10 сентября 2007| Цюбенко (Дмитриева) Ольга Алексеевна

Молитва спасла нас

Маме было 35 лет, мне 13, сестренке полтора годика. Отчим Запоржин Ефрем Варфоломеевич погиб под Ленинградом 21 февраля 1942 года, похоронен на Пискаревском кладбище.

Время и жизнь остановились, настала черная ночь. В первые дни войны горели Бадаевские склады, там был запас продуктов, в народе говорили, что их подожгли. У нас дома никаких запасов не было, поэтому мама меняла вещи, какие было можно, на продукты, на жмых, крупу. Потом менять стало нечего. Наступило тяжелое время — голод, 125 граммов хлеба. Из столярного клея варили холодец, весной из травы лебеды пекли лепешки. У мамы началась дистрофия 3-й стадии, скелет, обтянутый гусиной кожей, сидеть и ходить она не могла. На сестренку смотреть было страшно, на всю жизнь я запомнила ее большие, недетские глаза. Слово хлеб при ней упоминать было нельзя, при этом слове рычала, слово хлеб заменяли словом булка, а сахар называли конфетами — этих слов она не знала.

Отключили свет, воду, печку топить стало нечем, сожгли все, что можно было сжечь (шкафы, стулья, стол и т.д.), остались железные кровати. Голод и холод, что может быть страшнее, а немец бомбит, сыплет фугасные и зажигательные бомбы. Тревога без конца, первое время ходили в бомбоубежище, потом перестали, говорили: не все равно, где убьет и от чего умереть — от голода или бомбежки. За водой ходили на Неву, благо, жили рядом, ведер не было, большую кастрюлю привязывала к саночкам, вниз съезжала хорошо, а вот взбираться было большим мучением. Только взберешься наверх и вдруг, о Боже — санки срываются и летят вниз. У меня до сих пор идет мороз по коже при воспоминании об этом. Настало худшее время, мы стали совсем коченеть дома, тогда с мамой решили 125 граммов хлеба менять на вязаночку дров, чтобы согреться. Остальной хлеб я резала на маленькие кусочки (как конфеты ириски), слегка посолив, сушила на буржуйке, грела воду, и вот этим, мне кажется, мы спаслись. Потому что очень многие, кто не смог оторвать кусочек хлеба, замерзали навсегда. Никогда не забуду, как говорила маме: «Война закончится, хлеб буду кушать вместо пирожного». Как-то мама выменяла муки, а оказалось клопоморнои, и мы чудом не отравились. Очередь за хлебом занимали с вечера, номер писали химическим карандашом на ладошке. Булочную открывали в 6 часов утра, на людей смотреть было страшно, мне казалось, что все они черные, закопченные, старые. Когда подходила очередь к продавцу — гляди в оба, чтобы твою пайку хлеба не украли с весов, так как продавец за это не отвечала.

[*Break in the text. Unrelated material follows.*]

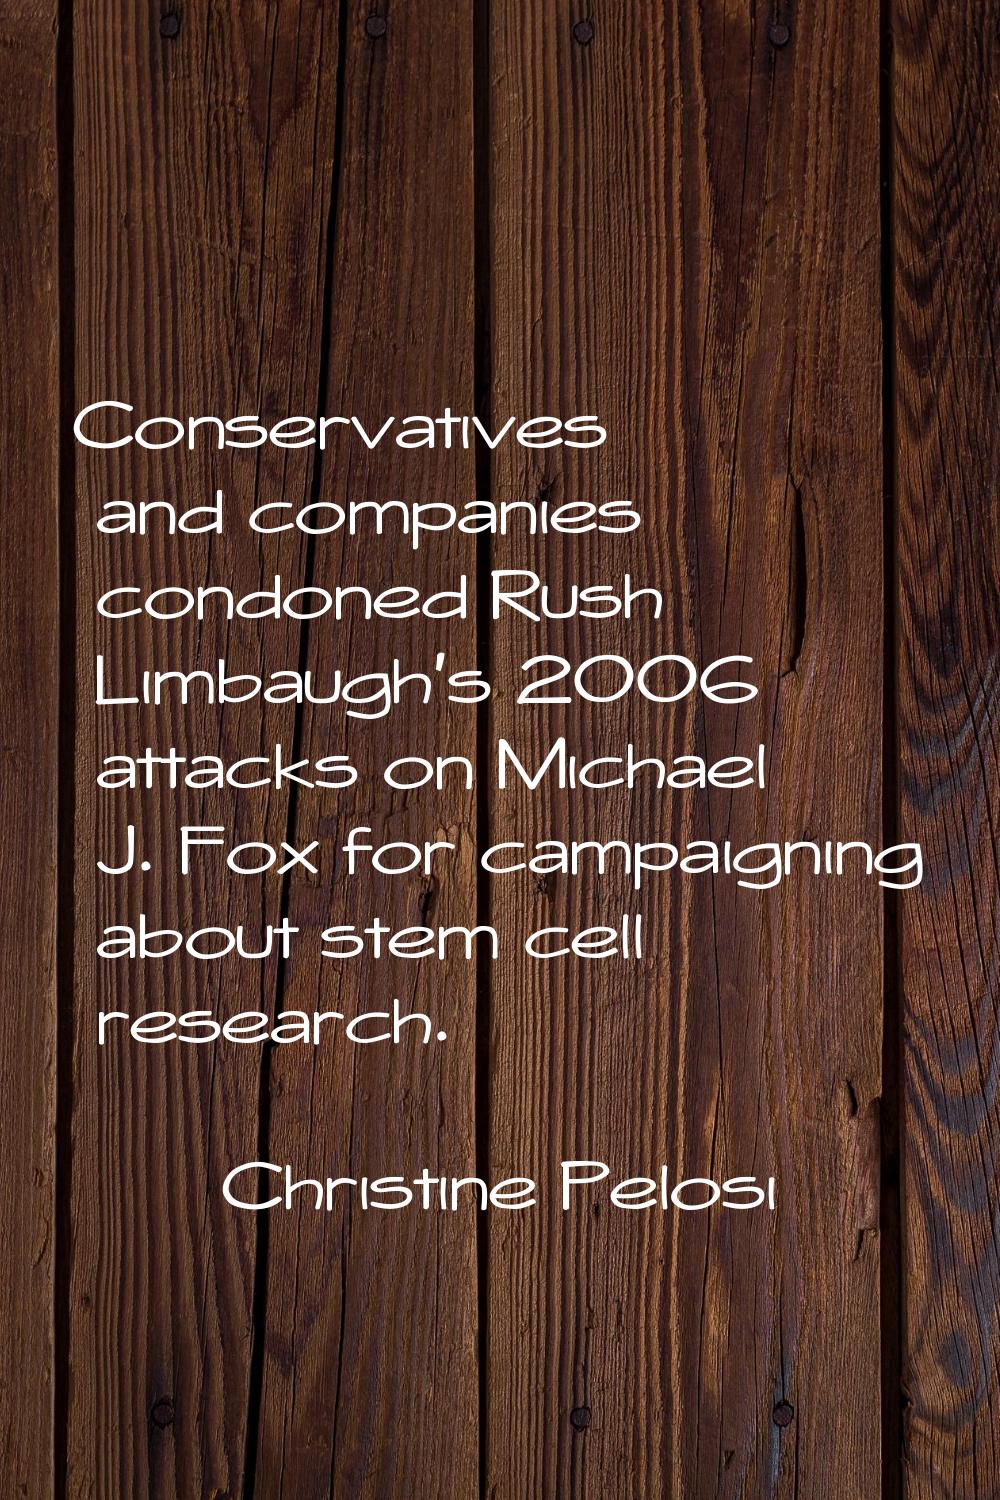 Conservatives and companies condoned Rush Limbaugh's 2006 attacks on Michael J. Fox for campaigning
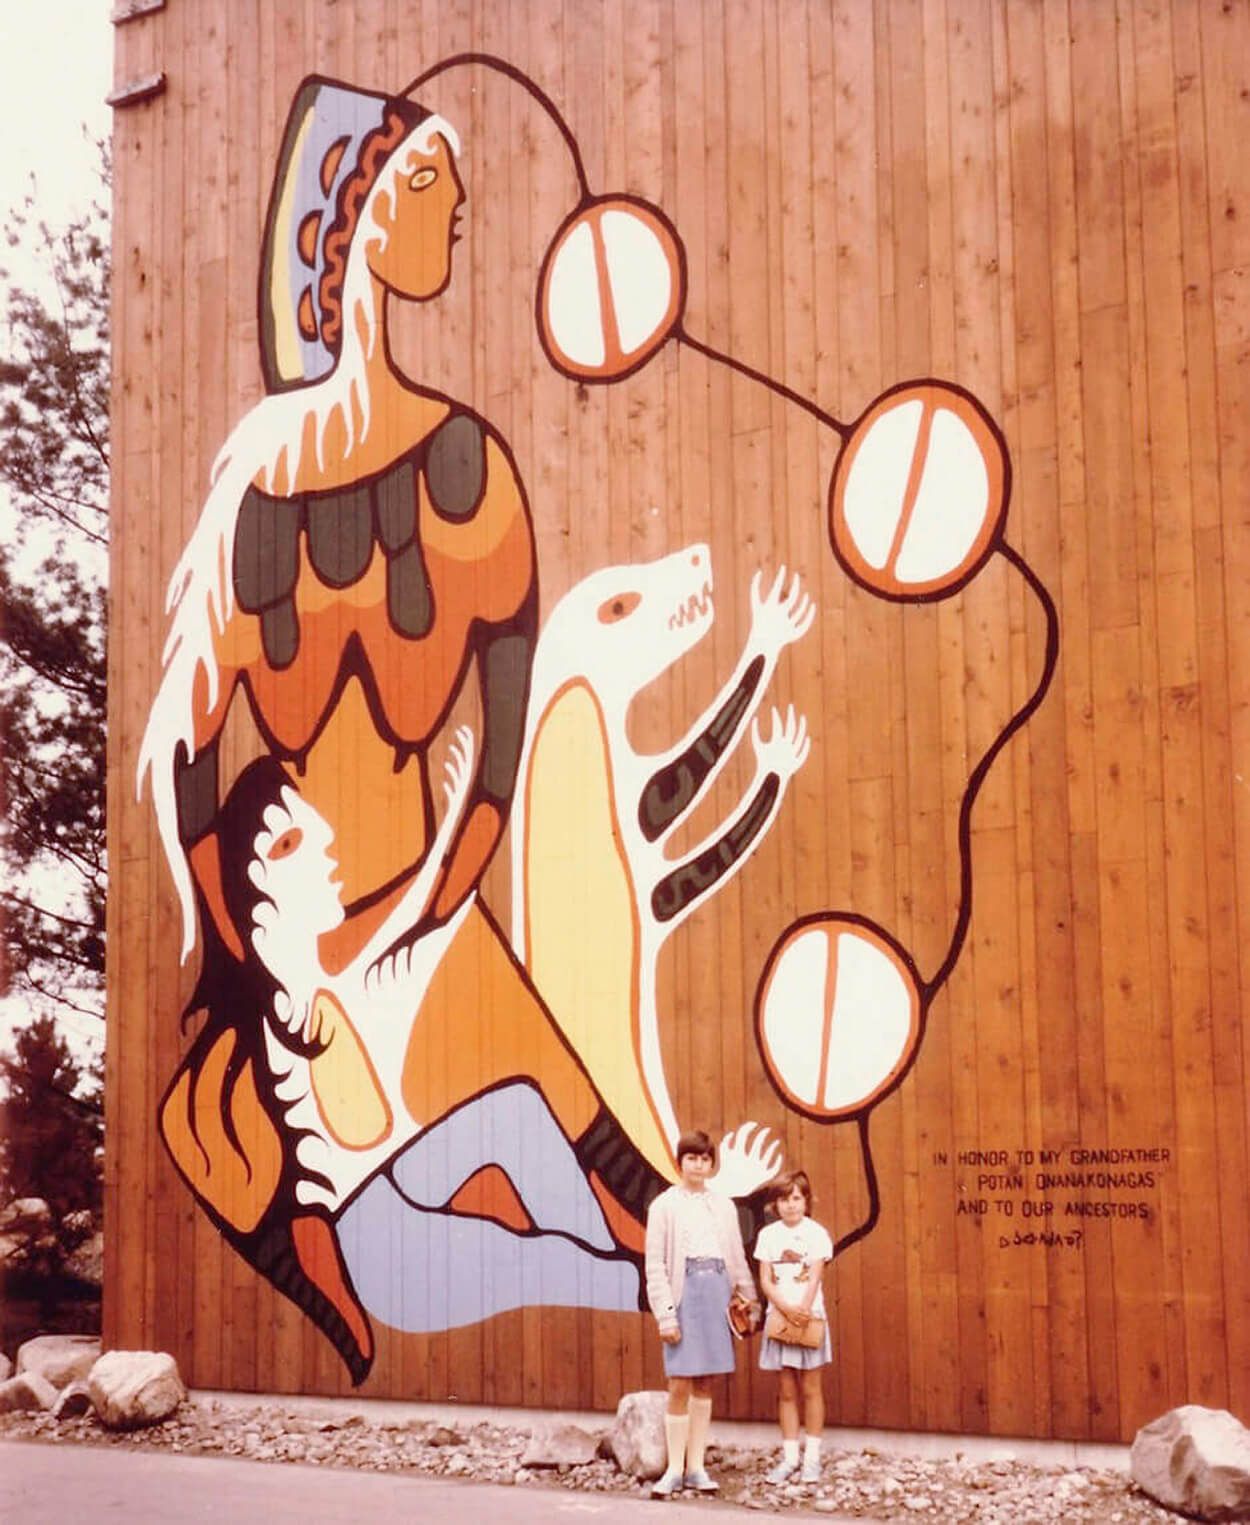 Carl Ray helped Norval Morrisseau paint this Expo 67 mural.

Школы закрыли, правда, потом открыли — не помню, в каком месяце, кажется, в феврале. Я училась тогда в шестом классе. Внимательно следили за сводками Информбюро, говорил Левитан, мы знали, что наши войска победят, иначе быть не могло!

Сестренка моя, которую я спасла в блокаду, (Ефимова Галина Ефремовна), в настоящее время живет в Ленинграде. Когда получаю от нее письма, в них всегда слова благодарности. Моя мама на моем портрете сделала запись: «Олечка, ты спасла нам жизнь в тяжелые дни блокады». Страшно писать о том, что происходило тогда в Ленинграде. Случалось, что когда человек умирал, родственники держали в холодных квартирах покойников, чтобы получать на них продовольственные карточки и таким образом самим выжить. Ходили слухи — ели людей. Покойников не могли хоронить, а если хоронили, то без гробов: запеленают и везут на саночках, а довезут ли до кладбища и вернутся ли сами?

Дома у нас была бабушкина икона (она и в настоящее время у меня), моя мама всю войну и после молилась, благодарила Бога, что мы остались живы. У нас горела лампадка, мама стояла перед нею на коленях, а когда немцы сильно бомбили, она выбегала во двор и кланялась, кланялась: Господи, помилуй, Господи, помилуй!»… 

Во время войны почти все молились Богу, а кто мог ходить — посещали церковь. Еще помню, как во время бомбежки госпиталя раненые, кто мог, выпрыгивали из окон.

Источник: Блокадники – Волгоград: ком. по печати, 1996 г.